In my english class, we had to write a play. My friends and i wrote a Harry Potter play and in it, Voldemort mistakenly calls Malfoy Manfred, due to his relations with Lucius and not Draco. This was at least two months ago.

I only found this thread yesterday.

My friend directed me onto this yesterday. She said "Go onto Charlie Bone, it's something that has to do with Tale of a Mudblood. (that's our play)"

I think that maybe it did kind of ripoff Harry Potter (and our play, LOL)
because there are a lot of similarities

darcyhuff
January 16th, 2004, 2:02 am
Yes, Jenny did copy a bit, but there are still LOTS of differences.

Catgirl
January 16th, 2004, 5:33 pm
Has anyone ever watched UBOS? It's a childrens cartoon on CBBC, but I think it's American. I've only seen it a few times, but I believe it's a total rip off of Harry Potter.

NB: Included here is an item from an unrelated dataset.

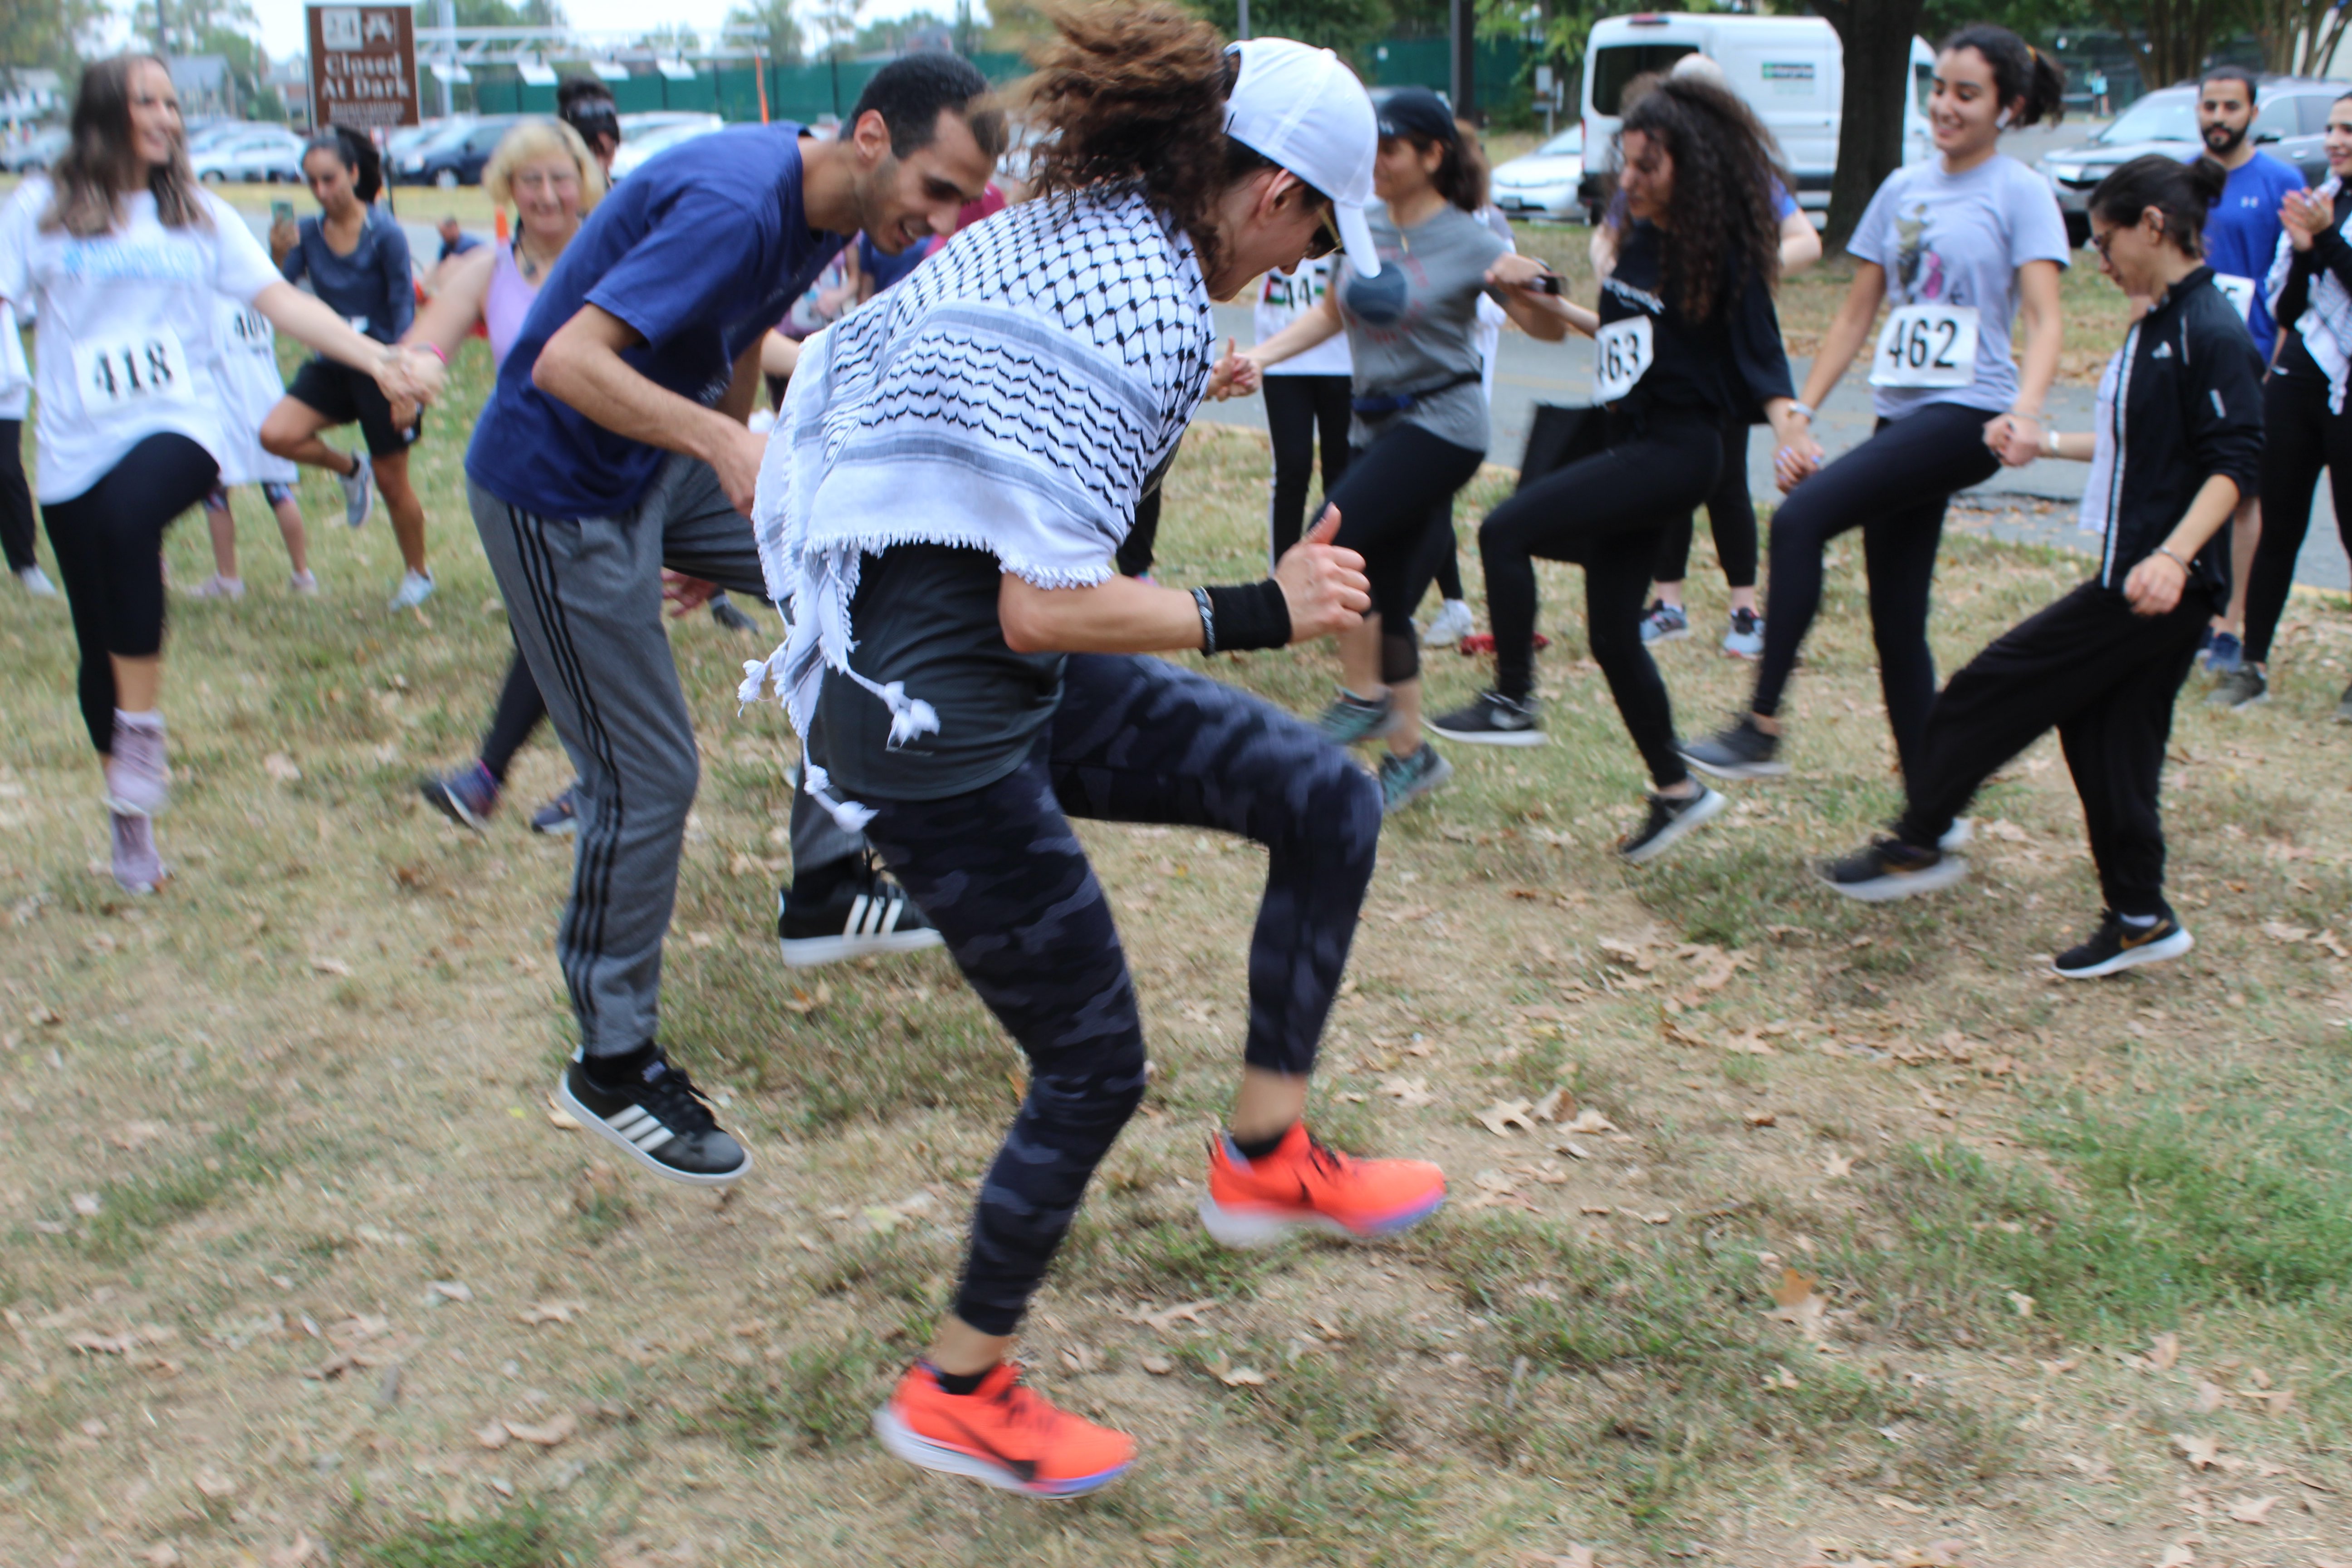 Two dancers take their dabka to another level after teaching beginners the basics at the Gaza 5k event (MEE/Sheren Khalel)
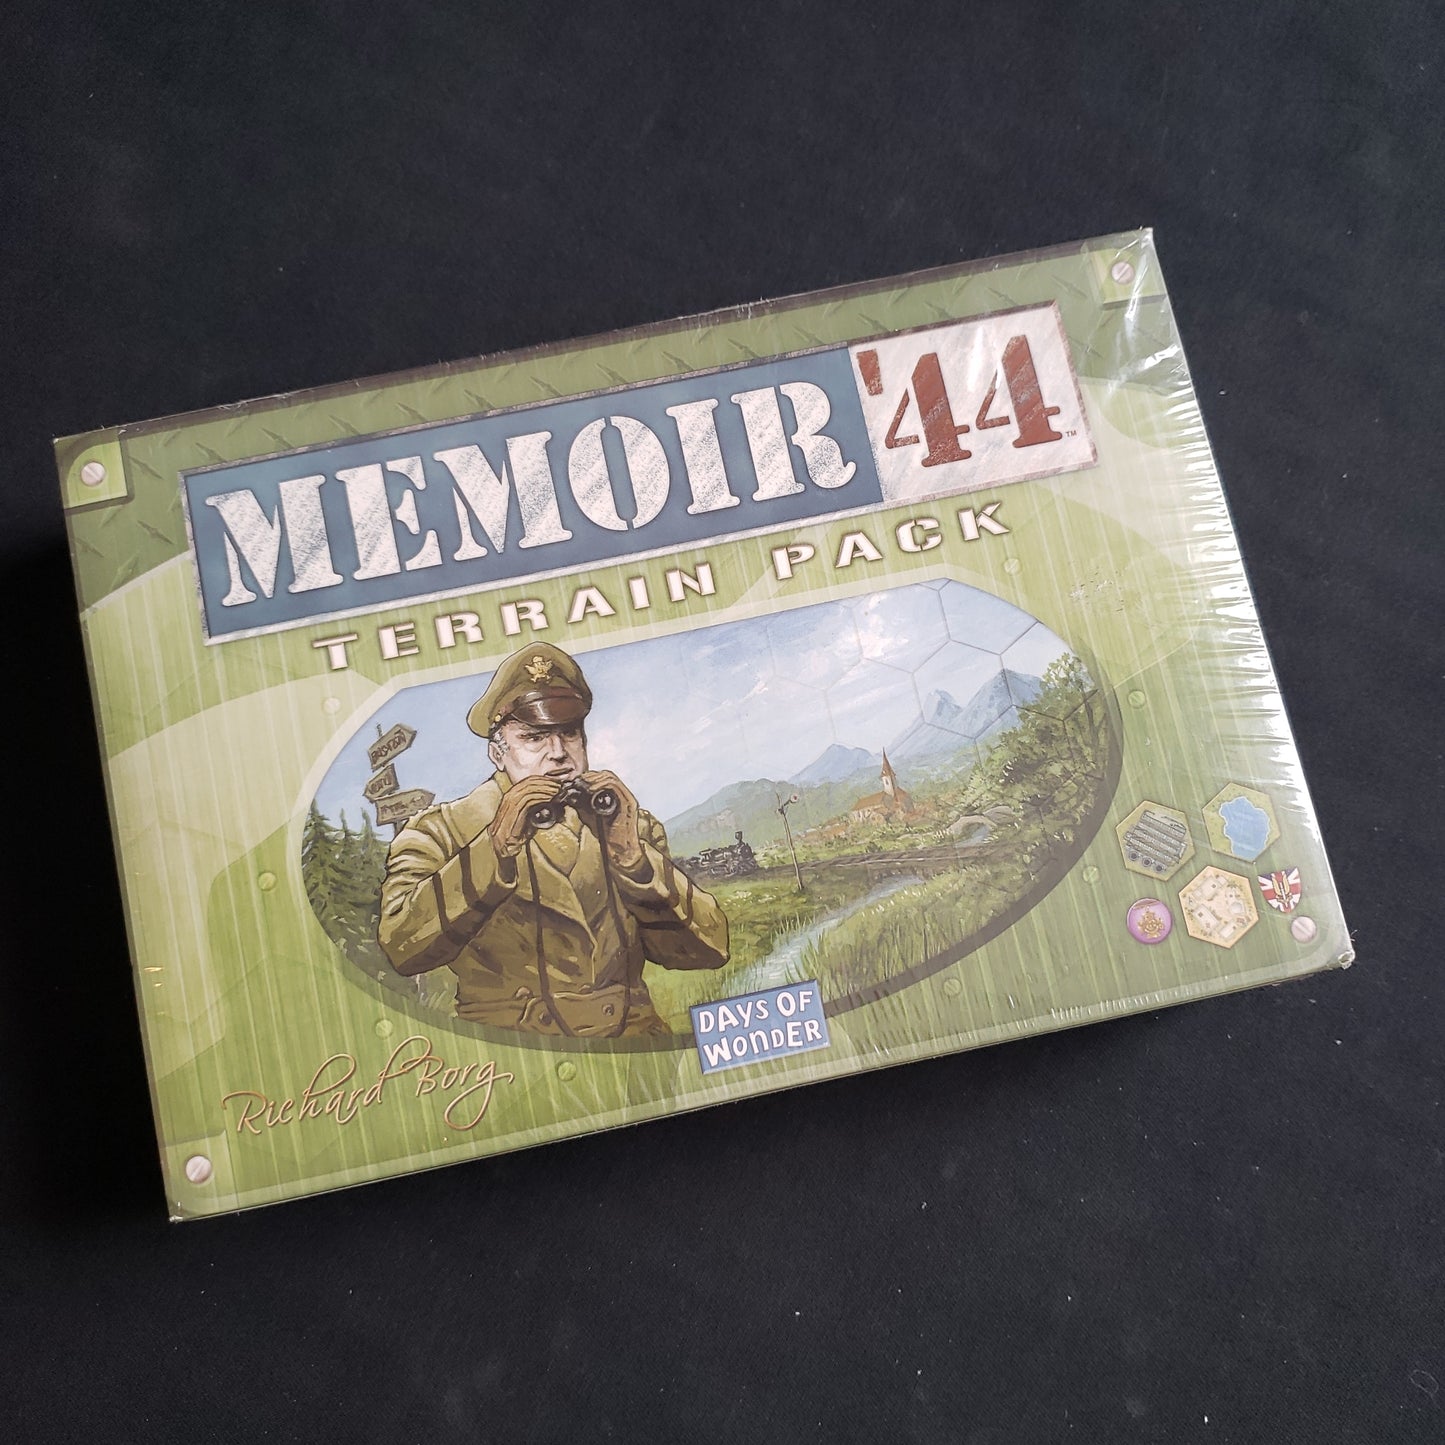 Image shows the front cover of the box of the Terrain Pack expansion for the Memoir 44 board game

The main character (who does not look unlike Ron Weasley) is a boy called Verne who grew up in the muggle world (they call muggles 'morties' and I think that they have called morties mudbloods, but I may be mistaken.) with no knowladge of the wizard world, but he then becomes a wizard.

The main bad guy is a dark lord (Zarlak) who was defeated, but wants to get back to power.

Verne has two best friends, one boy (Gus), one girl (Cassandra), one of whom comes from a long line of witches an wizards. Cassandra is very smart and annoys Verne and Gus, much in the same way Hermione annoys Harry and Ron.

The three main characters are always stopping the dark lord from coming back to power, even though they are only schoolkids.

There is a magical sport, which the main characters excel at.

There are two twins who are purebloods and act exactly like Draco Malfoy. I think their father is supposed to be an important wizard and there may have been suggestions that he was one of Zarlak's supporters when he was in power.

The headteacher is a strict but nice woman who can transform herself into a cat. Not unlike Hogwarts's deputy-head.

The main charcters make friends with a giant at one point.

One of the teachers is a ghost.



I also noticed that there are a couple of simularites with The Worst Witch, but this was before Harry Potter. Ethal Hallow is like a female Draco Malfoy and Mrs Hardbroom is a female Snape. She's a Potions teacher who hates the main character. How more Snape-like could she be?

Inkwolf
January 16th, 2004, 8:50 pm
Whoa, UBOS sounds like a total rip-off! :wow:

Back in the old Mugglenetforums days, the subject of an HP Saturday Morning Cartoon came up, and I had fun writing several seasons worth of possible plot synopsis, based on typical lame cartoon series clichés. Those were lost with Mugglenetforums, but I can't help wondering if the UBOS series has come close to my programming ideas. :p

Ellen
January 17th, 2004, 4:22 am
Since we're bringing up other books, has anyone read Dogsbody? It's by Diana Wynne Jones, an author I think Rowling likes. The main character has a lot in common with Sirius, except that it's kind of back to front (I didn't really think there could be connection till OotP).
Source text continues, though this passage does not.